— А я думаю, чего стулья пустые стоят, — Лешек махнул рученькой, и кружевной манжет затрепетал. — А вы тут…
— А мы тут, — подтвердил очевидное Димитрий, сгибаясь в поклоне.
Лизавета присела. Девица… не шелохнулась. Редкостное, к слову, здравомыслие. Или ее парализовало ко всему? Хотя… вон, пальчиком чуть шевельнула, значит, не паралич.
Что ж, здравомыслие встречается куда реже.
— Болеете? — Лешек споро расстегнул узорчатые пуговки камзола, который кинул на пол, правда, упасть драгоценной одежке не позволили, подхватили. А цесаревич уже рукава закатал.

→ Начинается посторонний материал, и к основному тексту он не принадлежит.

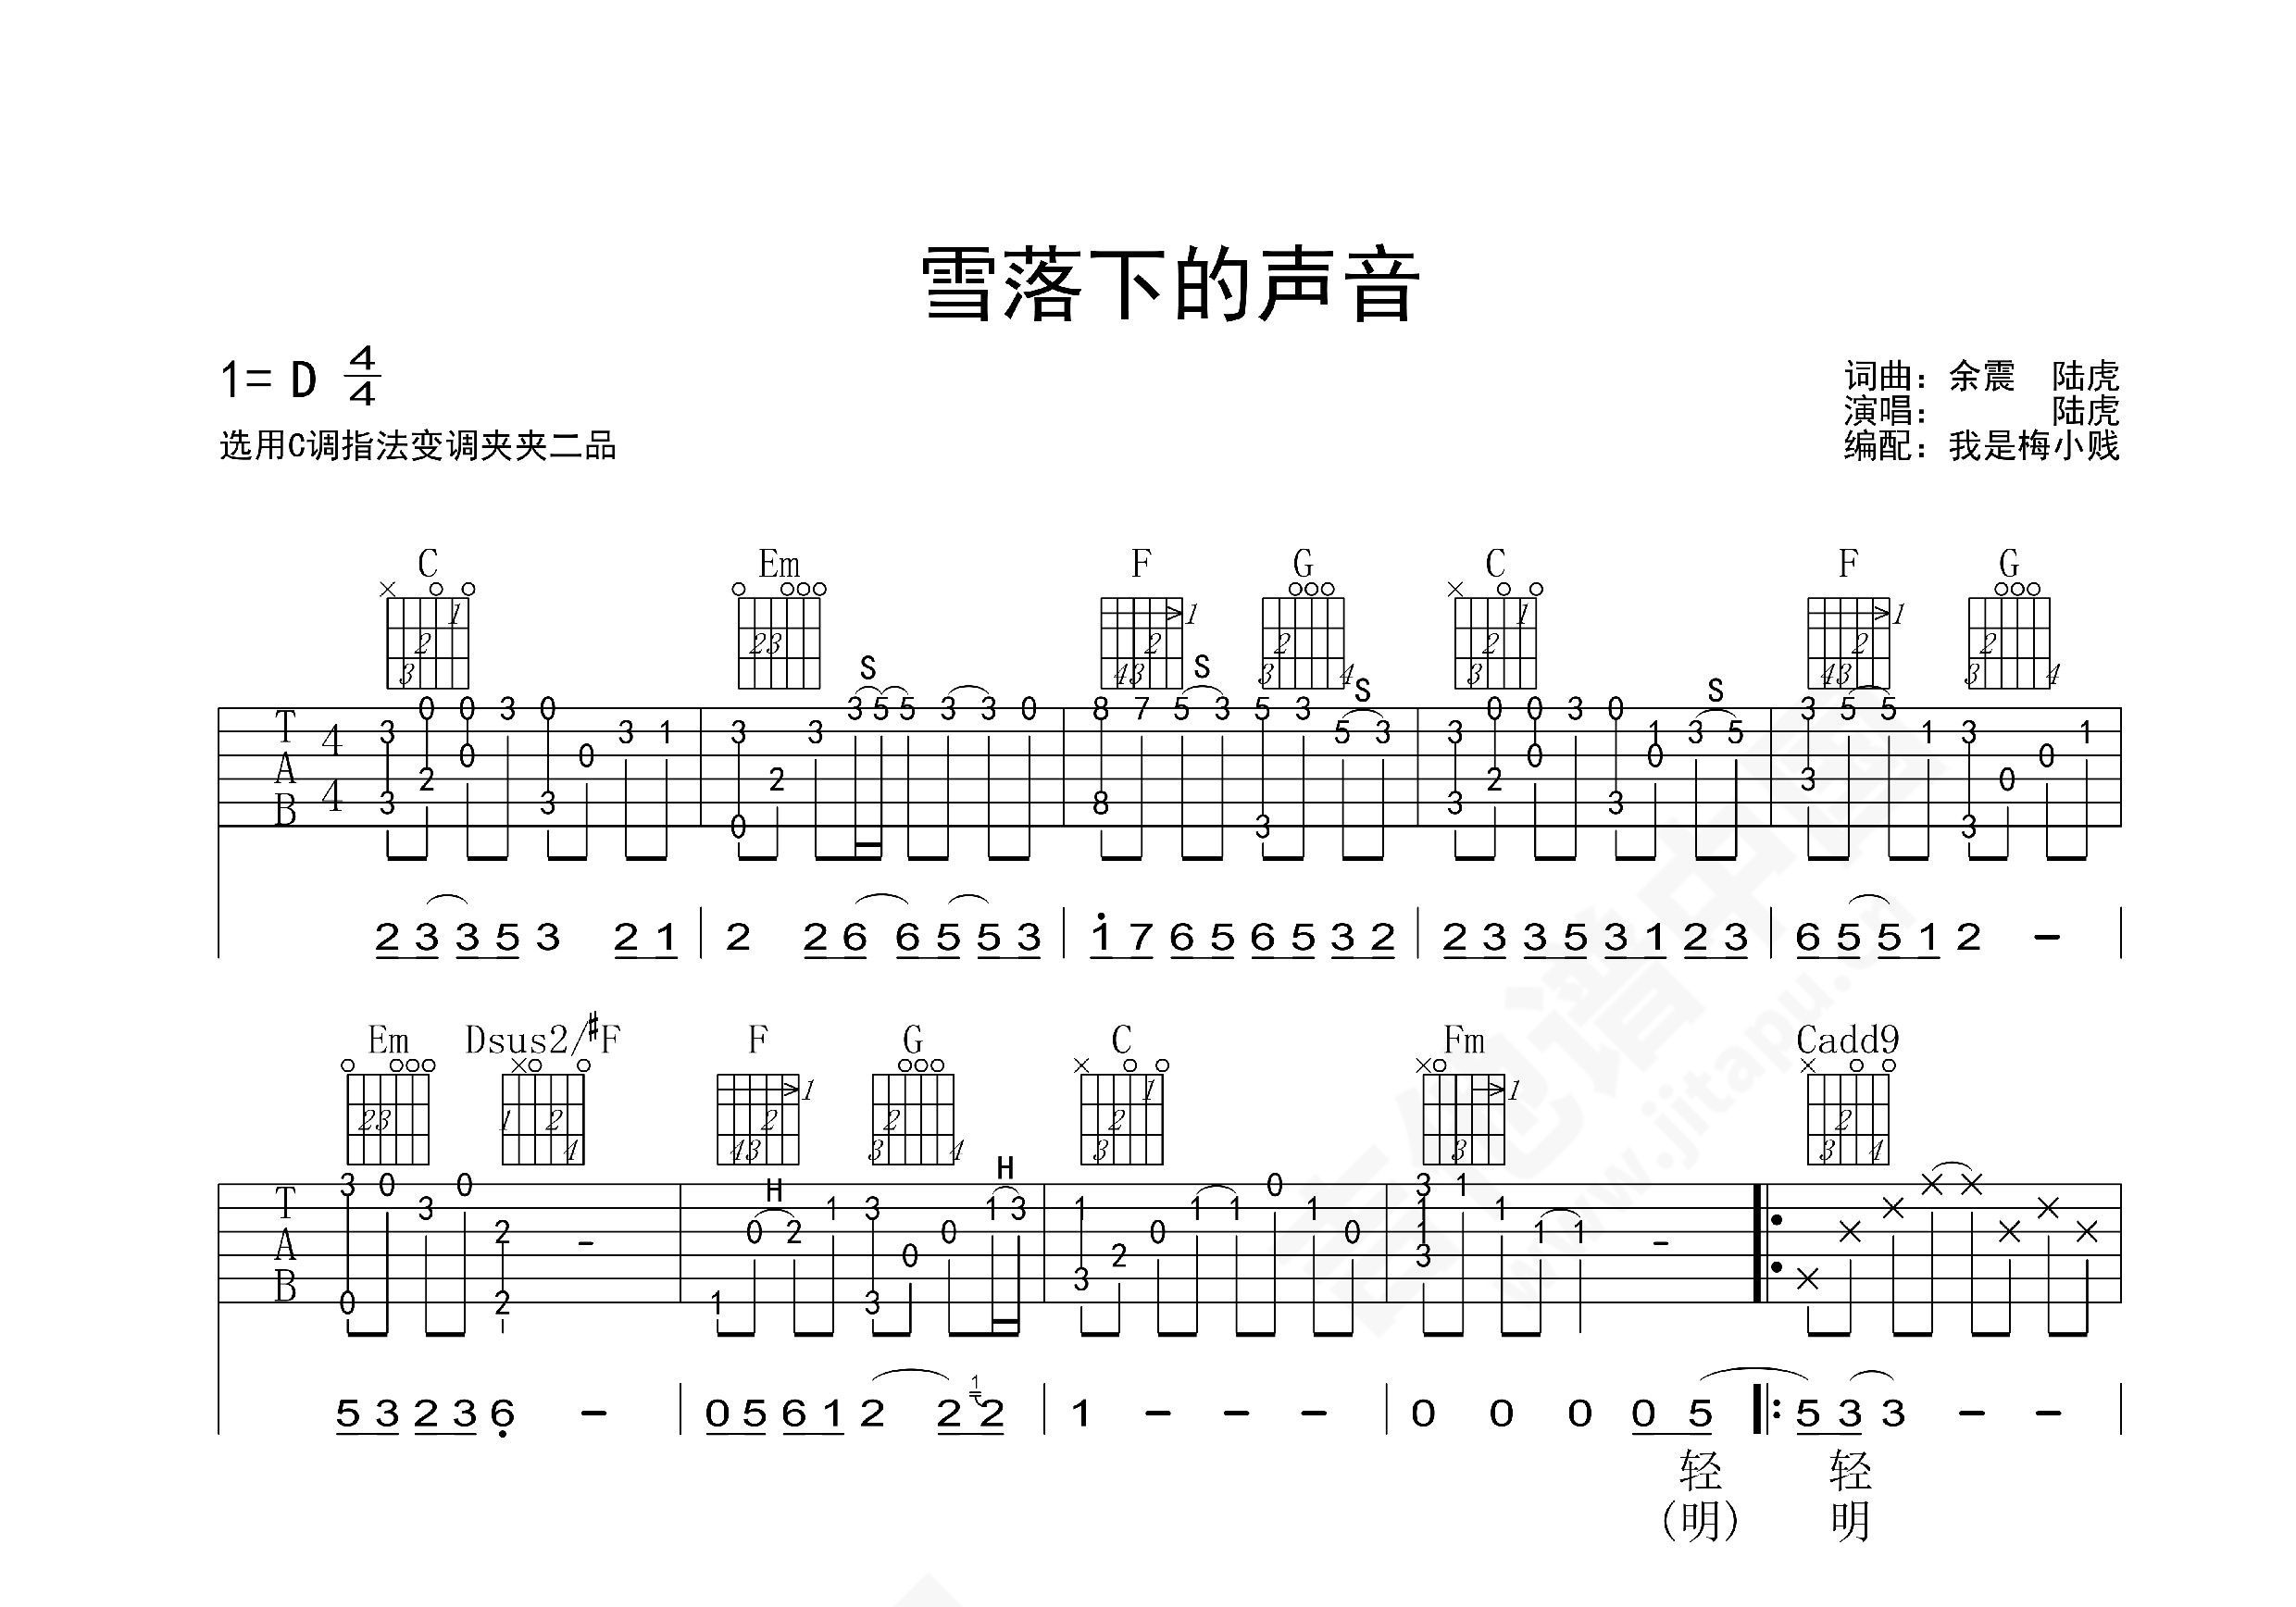 林俊杰【雪落下的声音吉他谱】_在线免费打印下载-爱弹琴乐谱网

Пальчиками пошевелил, разминаясь.
Вздохнул.
И велел:
— Стойте смирно…
Димитрию случалось видеть, как Лешек работает, пусть об этой его особенности предпочитали не распространяться: где ж это видано, чтобы исконный огневик целительством занимался? Справедливости ради стоило отметить, что работал Лешек лишь с ядами, передалась от матушки кровь змеиная.
И умение слышать отраву.
Звать ее.
— Будет неприятно, — счел нужным предупредить цесаревич. А рыжая вновь за руку схватилась, замерла, будто бы это ее врачевать собирались. И глаза распахнуты, рот приоткрыт… посмотреть и вправду есть на что: вот с пальцев царевича будто бы золотые змейки сползают.
Да прямо на кожу.
А уж там, прилипнув к ней, тянут отраву, и кожа бледнеет, а змейки наливаются силой. Становятся больше… тяжелее. И девица с лица слегка осунулась, стоит, смотрит, хорошо, орать не орет… только дышит чаще, но это оттого, что больно.
Вот губу чуть прикусила.
Глаза прикрыла.
А Лешек сказал:
— Это… не слишком быстро, зато надежней… целители с таким не справятся.

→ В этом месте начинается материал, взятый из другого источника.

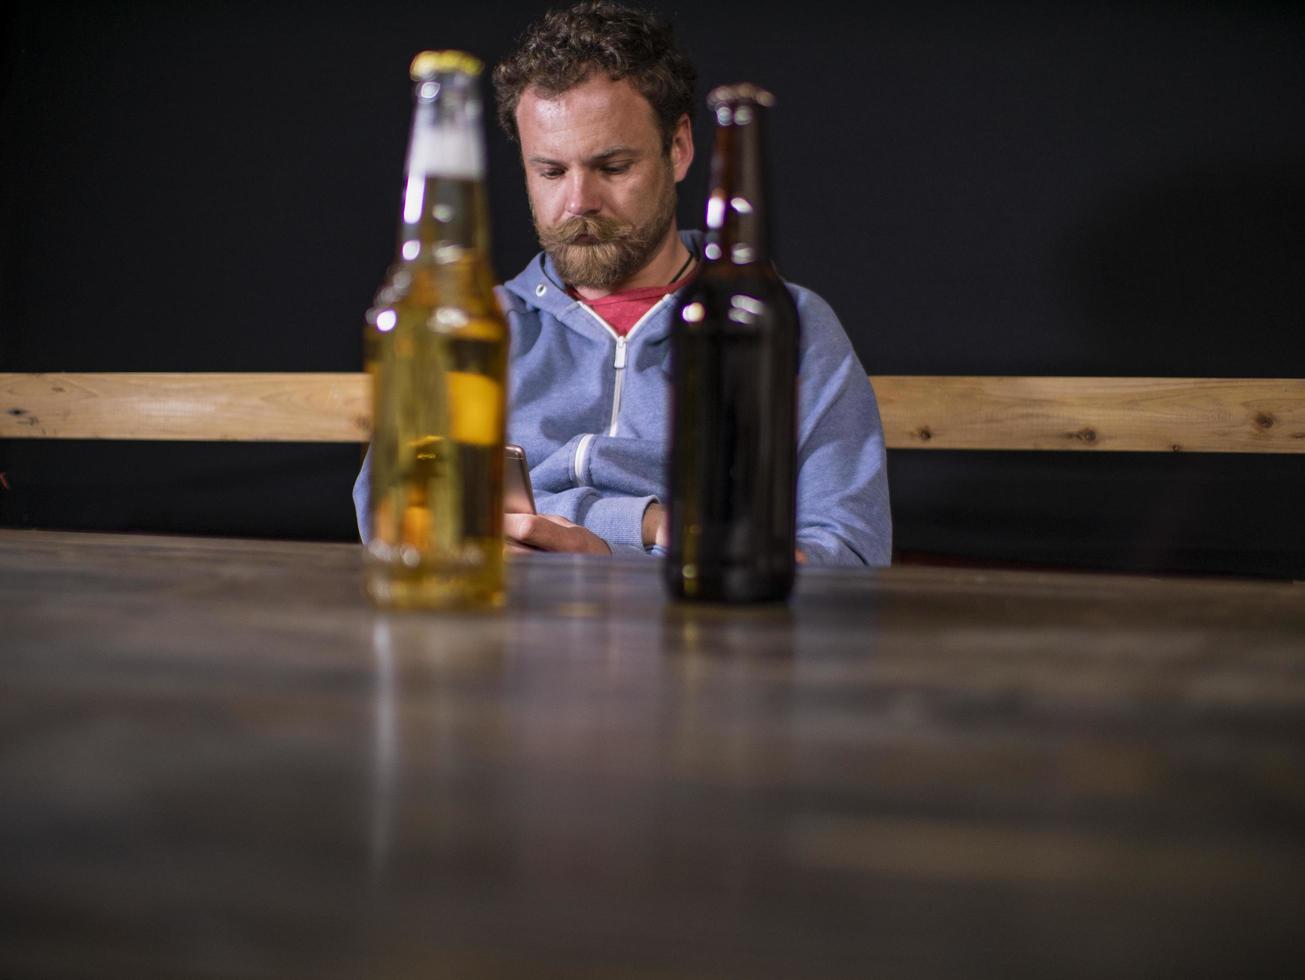 dos botellas de cerveza están de pie sobre la mesa foto

Это уже было не девице адресовано, но Димитрию. И в словах почудился упрек: мол, как же ты просмотрел… а и вправду, как? С чесоточным порошком шутили во дворце, особенно средь слабого полу в ходу он был: на каждом балу дебютанток кому-то да поднесут то букет отравленный, то перчаточки… то, прислугу подкупивши, вовсе платье посыплют.
Но там это… не настолько.
Змеи почти воплотились. И Димитрий знал, что девица распрекрасно ощущает их, тяжелых, чуть прохладных и ужасающе живых. Они шевелились, не иначе как чудом удерживаясь на платье, но при всем том меняя места. Вот одна запястье обвила, поднялась до локтя, а рука девицы сделалась тоньше, белее.
И пузыри исчезли.
Она и вздохнула. Осторожно руку подняла.
— Так ей удобнее будет… — глаза девица открыла-таки и теперь за змеею следила с немалым интересом, а та переползла выше, устроилась на плече, шею обвила… — У нас… водятся… полозы… иные огроменные, в двадцать саженей… батюшка говорил, что этих трогать неможно, что они жилы каменные стерегут.